[OpenIndiana-discuss] server hangs

Roman Naumenko roman at naumenko.ca
Sun Sep 11 02:08:48 UTC 2011


A continuation, I hoped it wouldn't follow, but the server hanged again.

The error I saw on the console was

Sep 10 20:15:39/256 ERROR: svc:/system/hal:default: Method 
"/lib/svc/method/svc-hal start" failed with exit status 95.
Sep 10 20:15:39/256: system/hal:default failed fatally: transitioned to 
maintenance (see 'svcs -xv' for details)

I couldn't do anything on the console, had to do restart server.

The mounts were lost at 20:08 on the client
Sep 10 20:08:07 station KernelEventAgent[72]: tid 00000000 received 
event(s) VQ_NOTRESP (1)

The last fmdump was 5 days ago
Sep 05 2011 14:37:37.325349500 ereport.fs.zfs.vdev.open_failed
nvlist version: 0

So does it confirming either version for failing psu or bad ssd?

--Roman N

Lucas Van Tol said the following, on 02-09-11 10:12 AM:
> You might not want to have any swap enabled on that.   SSD's tend to perform worse when they are full (I'm not sure if allocating 8G to swap actually uses up space on the physical device or not) and I have seen other Kingston SSD's hang for a bit at times, which would probably not be good for swap.
>
> If possible, you might try and redirect some logs off of rpool; it might not be able to log anything if the rpool is the problem.
>> Date: Fri, 2 Sep 2011 00:07:23 -0400
>> From: roman at naumenko.ca
>> To: openindiana-discuss at openindiana.org
>> Subject: Re: [OpenIndiana-discuss] server hangs
>>
>> It's Kingston 16GB ssd drive.
>>
>> --Roman N
>>
>> Lucas Van Tol said the following, on 01-09-11 5:34 PM:
>>> What is your rpool like?  I saw some bizzare behavior with a compact-flash based rpool; as the CF card got overused and got slower and slower, it eventually would hang without throwing any actual errors (just service times approaching infinity).
>>> Services that had enough information stored in memory continued to work, but anytime something read from the rpool it would hang, and services slowly died off.   The system never seemed to fault/offline the rpool either...
>>>
>>>> Date: Thu, 1 Sep 2011 14:42:54 -0400
>>>> From: roman at naumenko.ca
>>>> To: openindiana-discuss at openindiana.org
>>>> Subject: Re: [OpenIndiana-discuss] server hangs
>>>>
>>>> I need to dig into MB manual, but its basically all commodity hw based (although mb is some server-type Asus).
>>>>
>>>> --Roman N
>>>>
>>>> ----- Original Message -----
>>>>
>>>>> what about hw event logs? if you have power flucuations it might show
>>>>> ip there.
>>>>> you can probably pull those out from your service processor or boot
>>>>> to bios and read them there.
>>>>> Sent from Jasons' hand held
>>>>> On Sep 1, 2011, at 8:37 AM, Roman Naumenko<roman at naumenko.ca>   wrote:
>>>>>> Costly troubleshooting you had.
>>>>>> All right then, I will wait for the next failure to look through it
>>>>>> once again and maybe swap psu if nothing again found.
>>>>>>
>>>>>> --Roman N
>>>>>>
>>>>>> ----- Original Message -----
>>>>>>
>>>>>>> I burned through about 3 disks before I figured it out.
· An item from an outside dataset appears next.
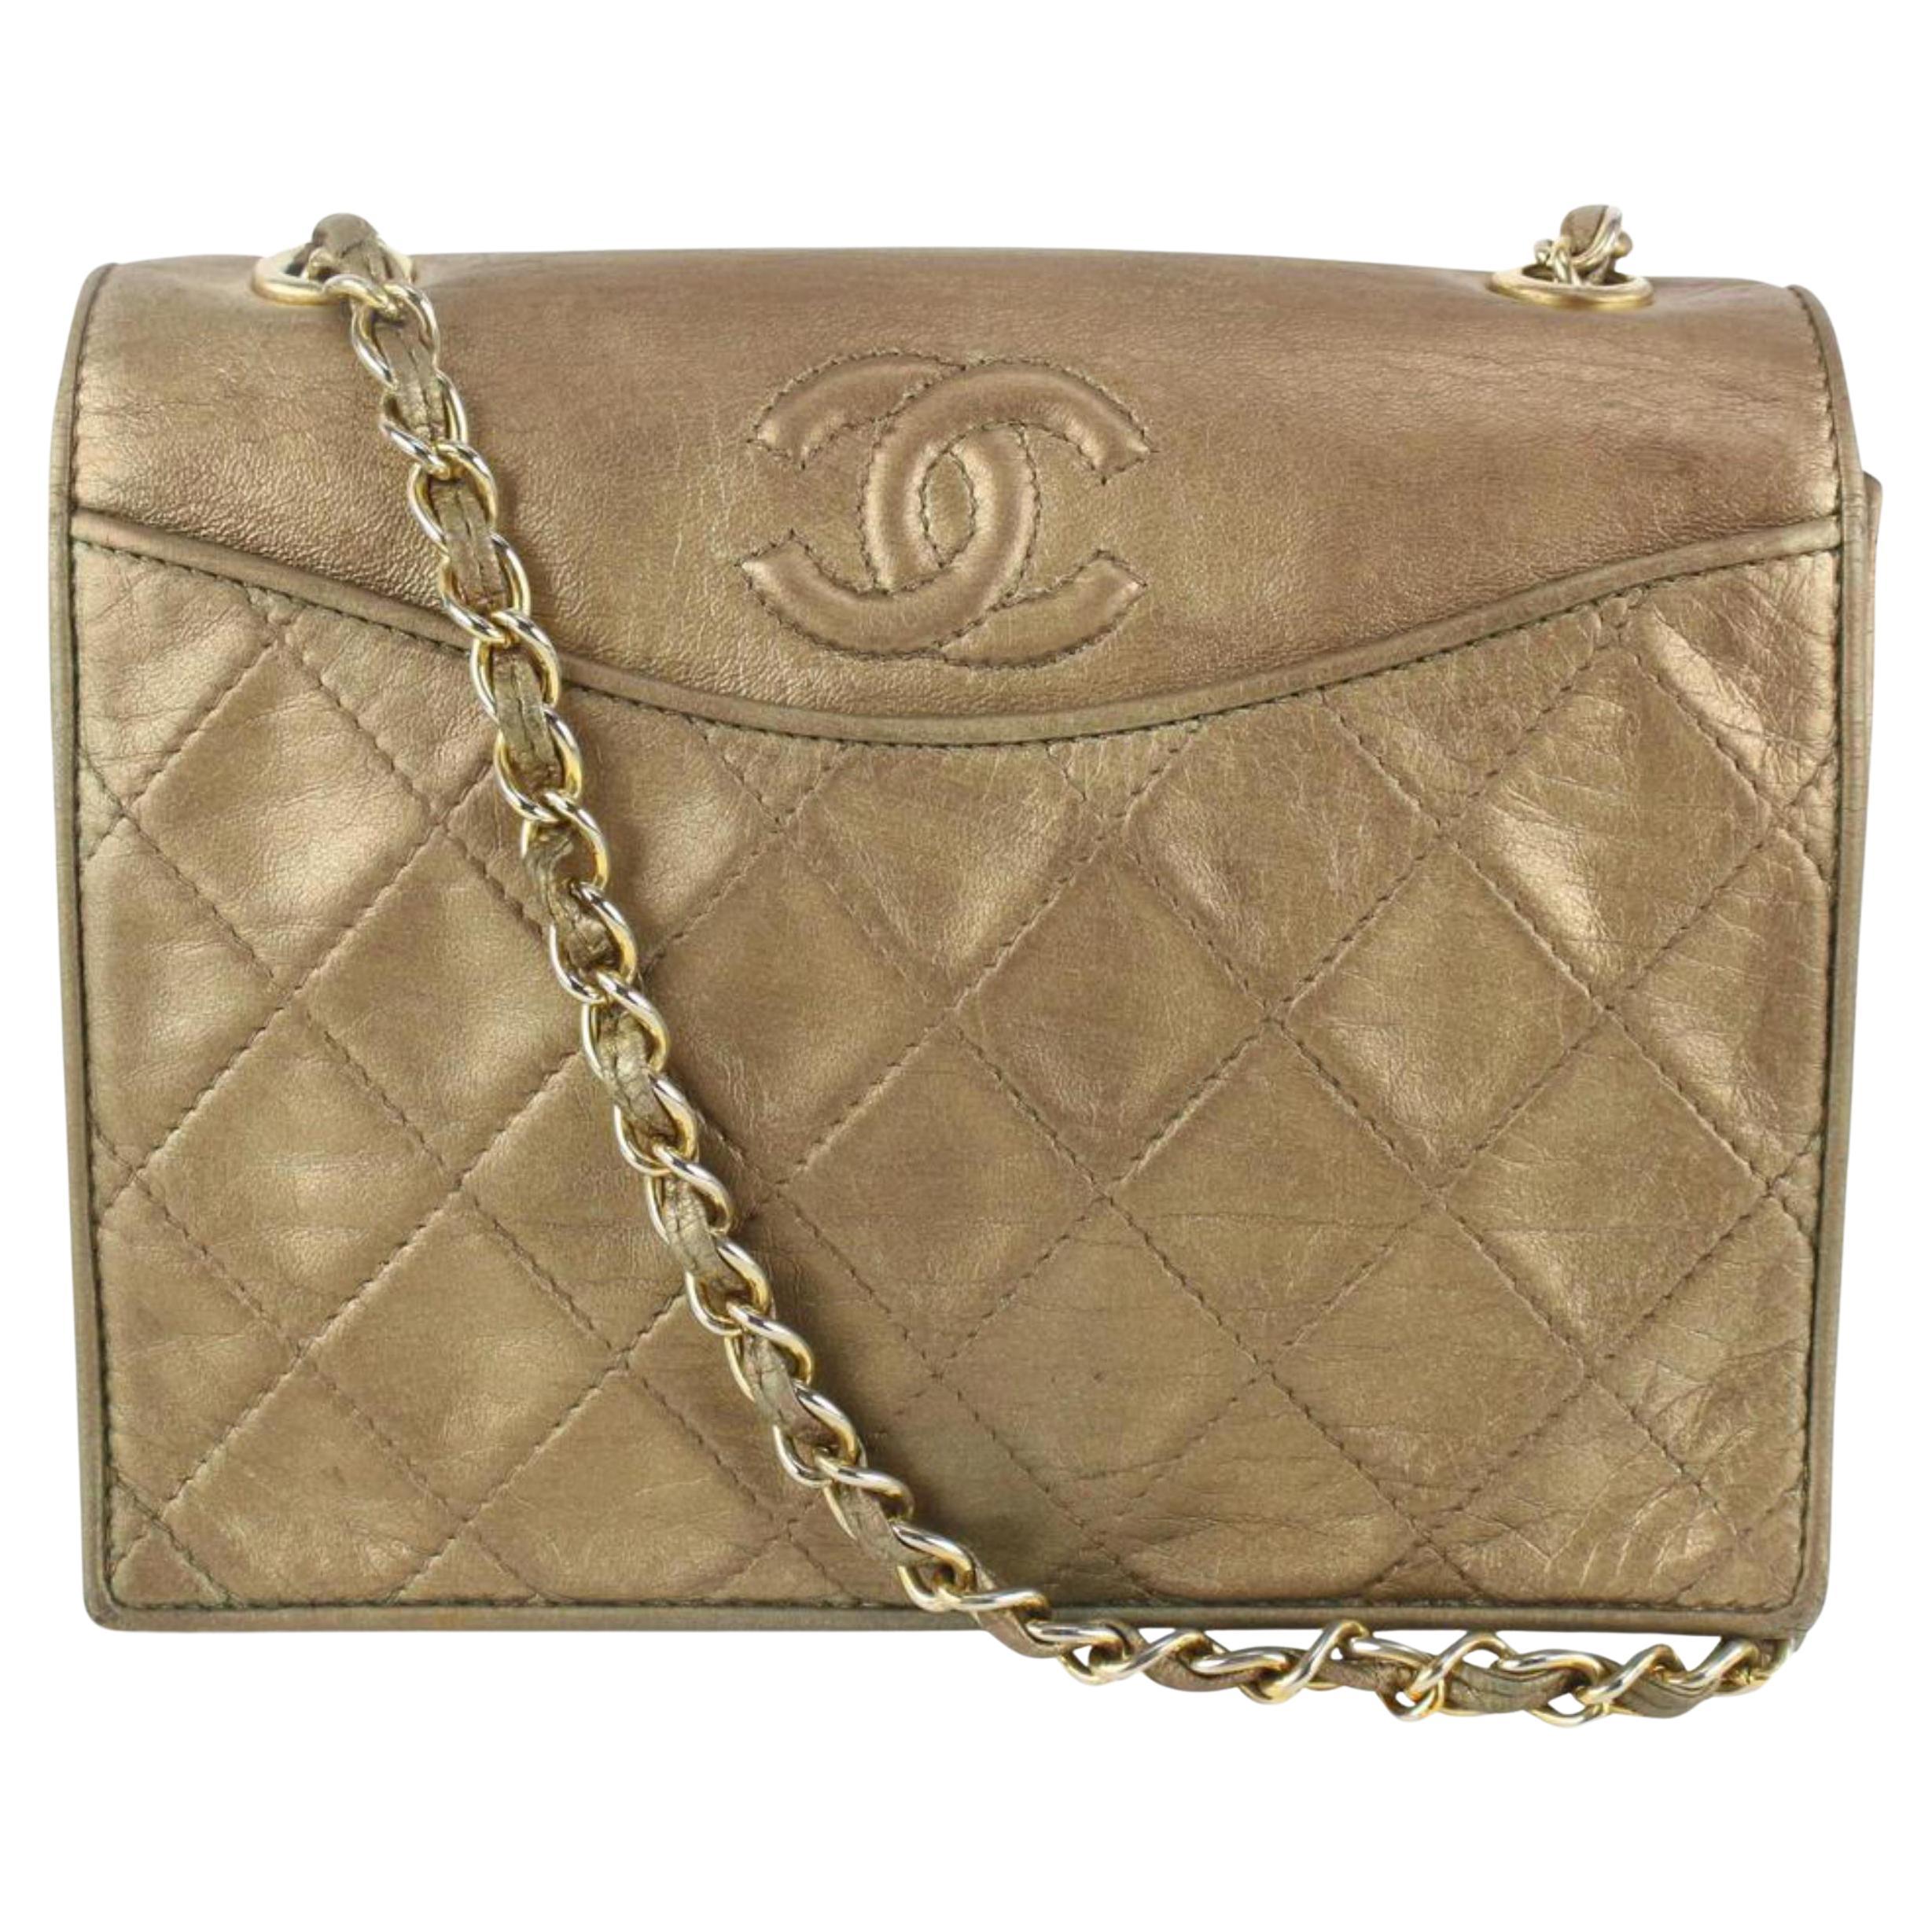 Chanel Golden Bronze Quilted Lambskin Round Flap Chain Bag 113c25 For Sale

Nothing in
>>>>>>> the
>>>>>>> logs made me think this but the eventual failure of the disks
>>>>>>> alerted
>>>>>>> me
>>>>>>> that something hardwarish was happening.
>>>>>>> On 08/31/11 11:01 PM, Roman Naumenko wrote:
>>>>>>>> Well, might be the reason. 8 drivers is certainly limit too much
>>>>>>>> for a
>>>>>>>> stock psu. But there should be some traces, no?
>>>>>>>> How did you figure out the reason for errors on your system?
>>>>>>>>
>>>>>>>> --Roman
>>>>>>>>
>>>>>>>> Daniel Kjar said the following, on 31-08-11 9:43 PM:
>>>>>>>>> Careful... are you overtaxing your power supply? My 148 system
>>>>>>>>> was
>>>>>>>>> behaving like that when I put too many drives in an ultra 20.
>>>>>>>>>
>>>>>>>>> On 8/31/2011 7:48 PM, Roman Naumenko wrote:
>>>>>>>>>> Hi,
>>>>>>>>>>
>>>>>>>>>> I have SunOS 5.11 oi_148 installed on my storage server with 8
>>>>>>>>>> disks
>>>>>>>>>> in raidz2 pool.
>>>>>>>>>> It hangs about once in a week and I had to restart it.
>>>>>>>>>> Can you help me troubleshoot it?
>>>>>>>>>>
>>>>>>>>>> It has some zfs volumes shared over nfs and afpd. (afpd is
>>>>>>>>>> unfortunately a development version to satisfy OSX Lion).
>>>>>>>>>>
>>>>>>>>>> roks at data:~$ afpd -V
>>>>>>>>>> afpd 2.2.0 - Apple Filing Protocol (AFP) daemon of Netatalk
>>>>>>>>>>
>>>>>>>>>> afpd has been compiled with support for these features:
>>>>>>>>>>
>>>>>>>>>> AFP3.x support: Yes
>>>>>>>>>> TCP/IP Support: Yes
>>>>>>>>>> DDP(AppleTalk) Support: No
>>>>>>>>>> CNID backends: dbd last tdb
>>>>>>>>>> SLP support: No
>>>>>>>>>> Zeroconf support: Yes
>>>>>>>>>> TCP wrappers support: Yes
>>>>>>>>>> Quota support: Yes
>>>>>>>>>> Admin group support: Yes
>>>>>>>>>> Valid shell checks: Yes
>>>>>>>>>> cracklib support: No
>>>>>>>>>> Dropbox kludge: No
>>>>>>>>>> Force volume uid/gid: No
>>>>>>>>>> ACL support: Yes
>>>>>>>>>> EA support: ad | sys
>>>>>>>>>> LDAP support: Yes
>>>>>>>>>>
>>>>>>>>>> It also has time-slider enabled, which is pretty buggy peace of
>>>>>>>>>> hmmm
>>>>>>>>>> software, but it shouldn't cause server to crash or hang.
>>>>>>>>>>
>>>>>>>>>> So the problems start with nfs and/or afpd timeouts on clients,
>>>>>>>>>> but
>>>>>>>>>> I still can ssh to the server. Can't read any files or logs
>>>>>>>>>> though.
>>>>>>>>>> Then network service disappears in a minute or few minutes,
>>>>>>>>>> console
>>>>>>>>>> becomes frozen and I have to do hard restart at that point.
>>>>>>>>>>
>>>>>>>>>> Where should I look to understand what causing this?
>>>>>>>>>> Since I can't reproduce the problem, I'd like to get prepared
>>>>>>>>>> when
>>>>>>>>>> it happens next time.
>>>>>>>>>> I couldn't find anything unusual in the logs after restart.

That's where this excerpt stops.